Joseph Holt Ingraham

Writer

  • Born: January 26, 1809
  • Birthplace: Portland, Maine
  • Died: December 18, 1860
  • Place of death: Holly Springs, Mississippi

Biography

Joseph Holt Ingraham was born in Portland, Maine, in 1809 to James Milk Ingraham and Elizabeth Thurston Ingraham. Information about the author’s youth is vague. He might have attended Bowdoin College, but there is no graduation record. He also might have been a teacher at Jefferson College in Mississippi, which he later described in his book The South-West: By a Yankee, and where, speculatively, he gained the title of professor, which he used in some of his prolific publications. Indeed, Ingraham was so productive that researchers are unable to trace all of his works, and many of his novels were not quite in keeping with more traditional narratives. For instance, Lafitte: The Pirate of the Gulf received harsh criticism as a convoluted and fictitious account of pirates and Spanish treasure. Burton: Or, The Sieges defamed Aaron Burr and The Quadroone: Or, St. Michael’s Day was criticized for its incongruous notions of history.

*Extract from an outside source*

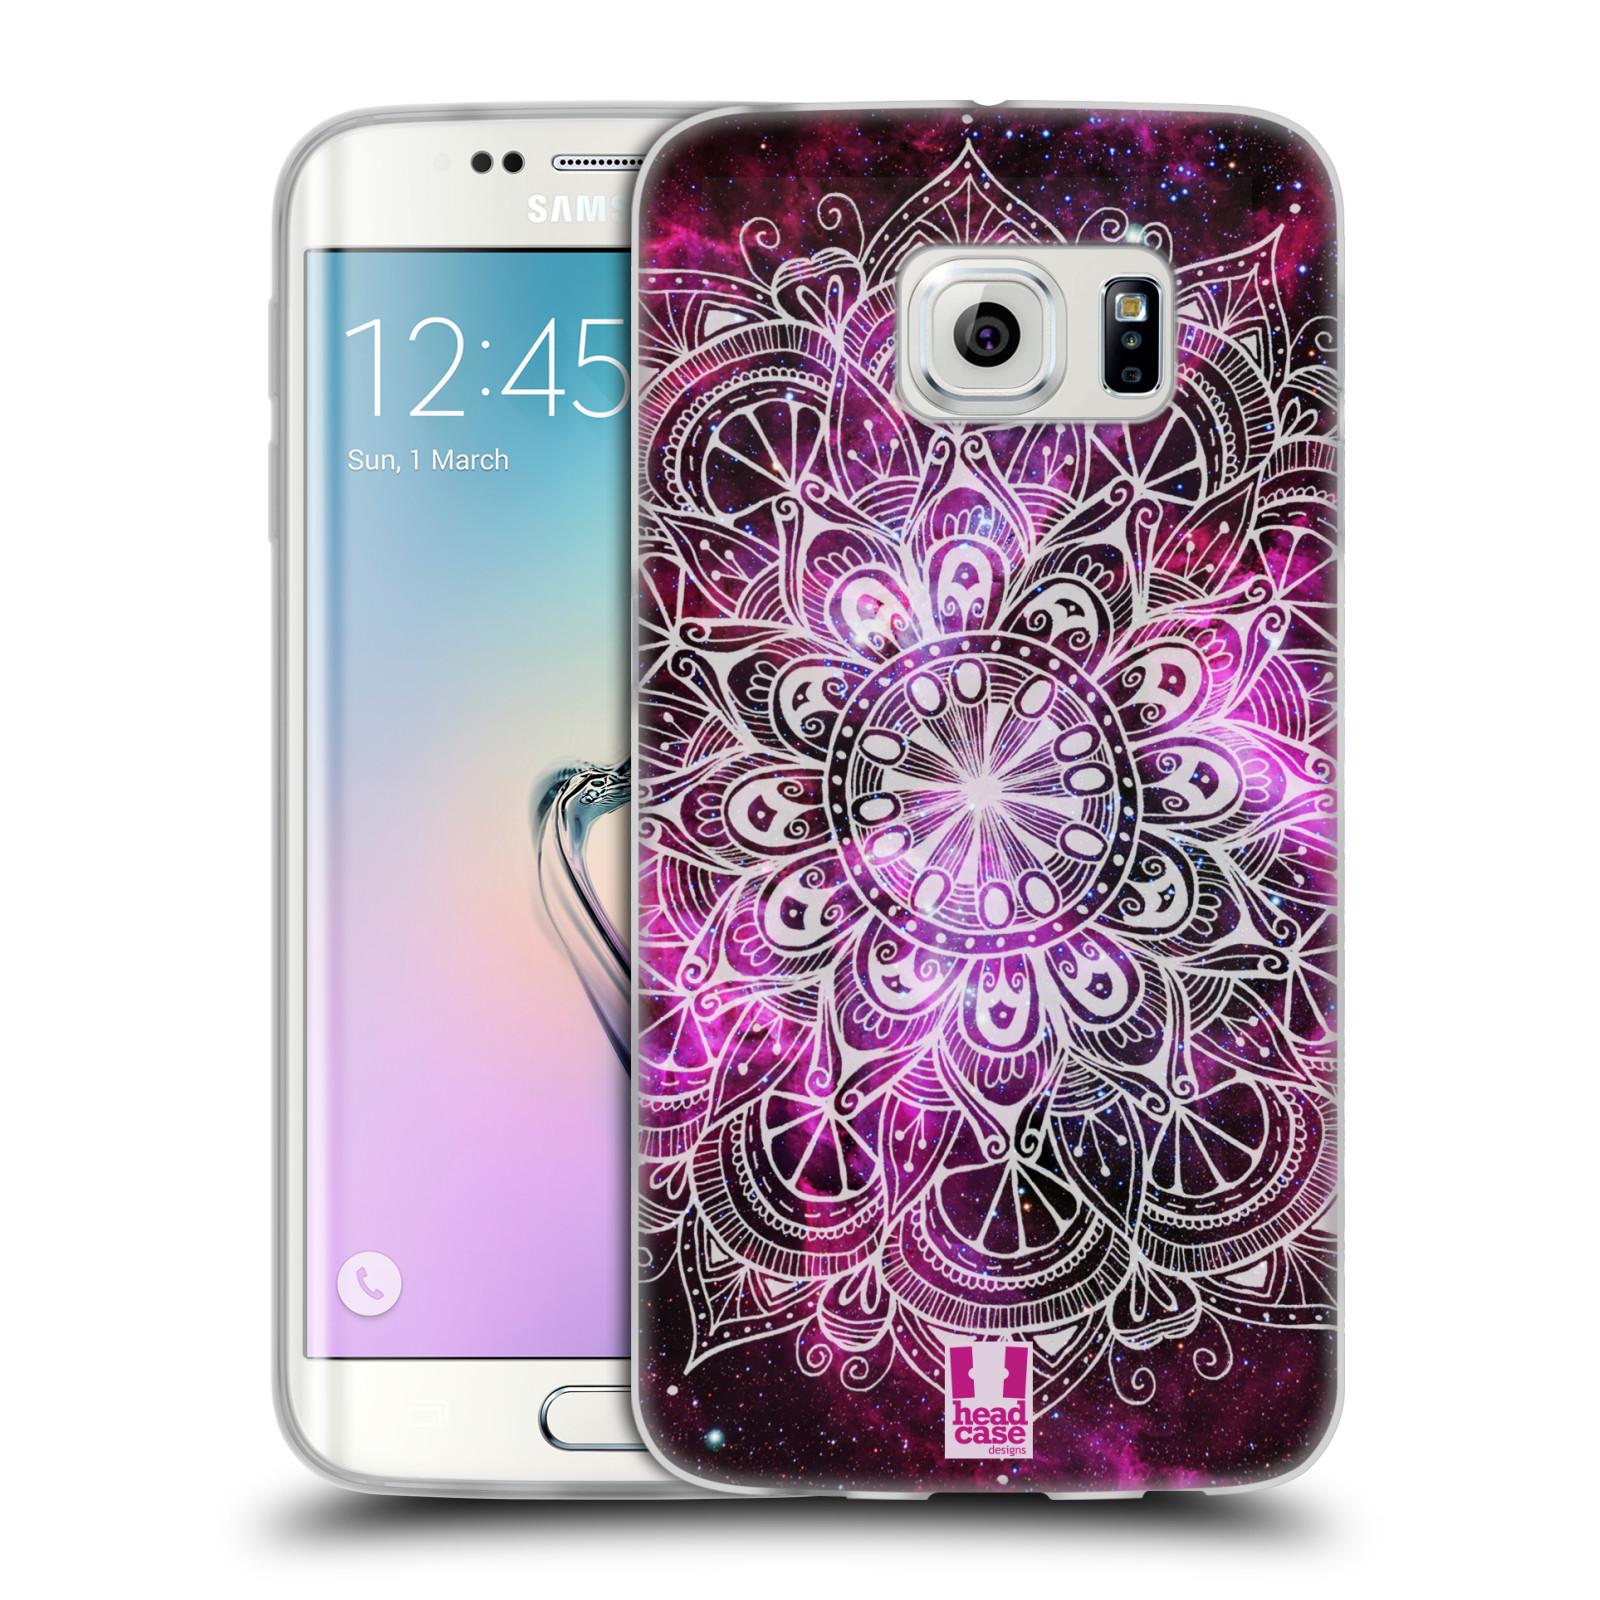 Silikonové pouzdro na mobil Samsung Galaxy S6 Edge HEAD CASE Mandala Doodle Nebula (Silikonový kryt či obal na mobilní telefon Samsung Galaxy S6 Edge SM-G925F)

Ingraham seems to have lived alternately in both the North and the South. In 1847, he was confirmed into the Episcopal Church. He married the daughter of a Mississippi planter, Mary Brooks, and the couple had four children. Around 1849, he established a girl’s school in Nashville, Tennessee. He became an Episcopal priest in 1851 in Jackson, Mississippi, and after two years as a missionary in Aberdeen, Mississippi, he became rector of St. John’s Church in Mobile, Alabama. In 1858, he moved once more to Riverside, Tennessee, and he later became rector of Christ Church in Holly Springs, Mississippi. He died in that city in 1860 when his gun accidentally discharged.

Author Samuel Longfellow wrote that Ingraham claimed to have written eighty novels in all and twenty in one year. Some of his novels were published in newspapers, including his books Frank Rivers: Or, The Dangers of the Town, Rafael: Or, The Twice Condemned, Scarlet Feather: Or, The Young Chief of the Abenaquies, and Ringold Griffitt: Or, The Raftsman of the Susquehannah. One critic derisively referred to these particular works as originating from “the blood-and-thunder school” of literature.

However, Ingraham’s religious, epistolary romances were very popular. His novel The Prince of the House of David describes Christ’s arrival on earth. The Pillar of Fire tells of the enslaved Israelites’ escape from Egypt and The Throne of David relates the rebellion of Prince Absalom. Ingraham is remembered primarily for these religious novels because they helped popularize the novelistic form in the United States and influenced the liberalization of conventional American attitudes toward religion.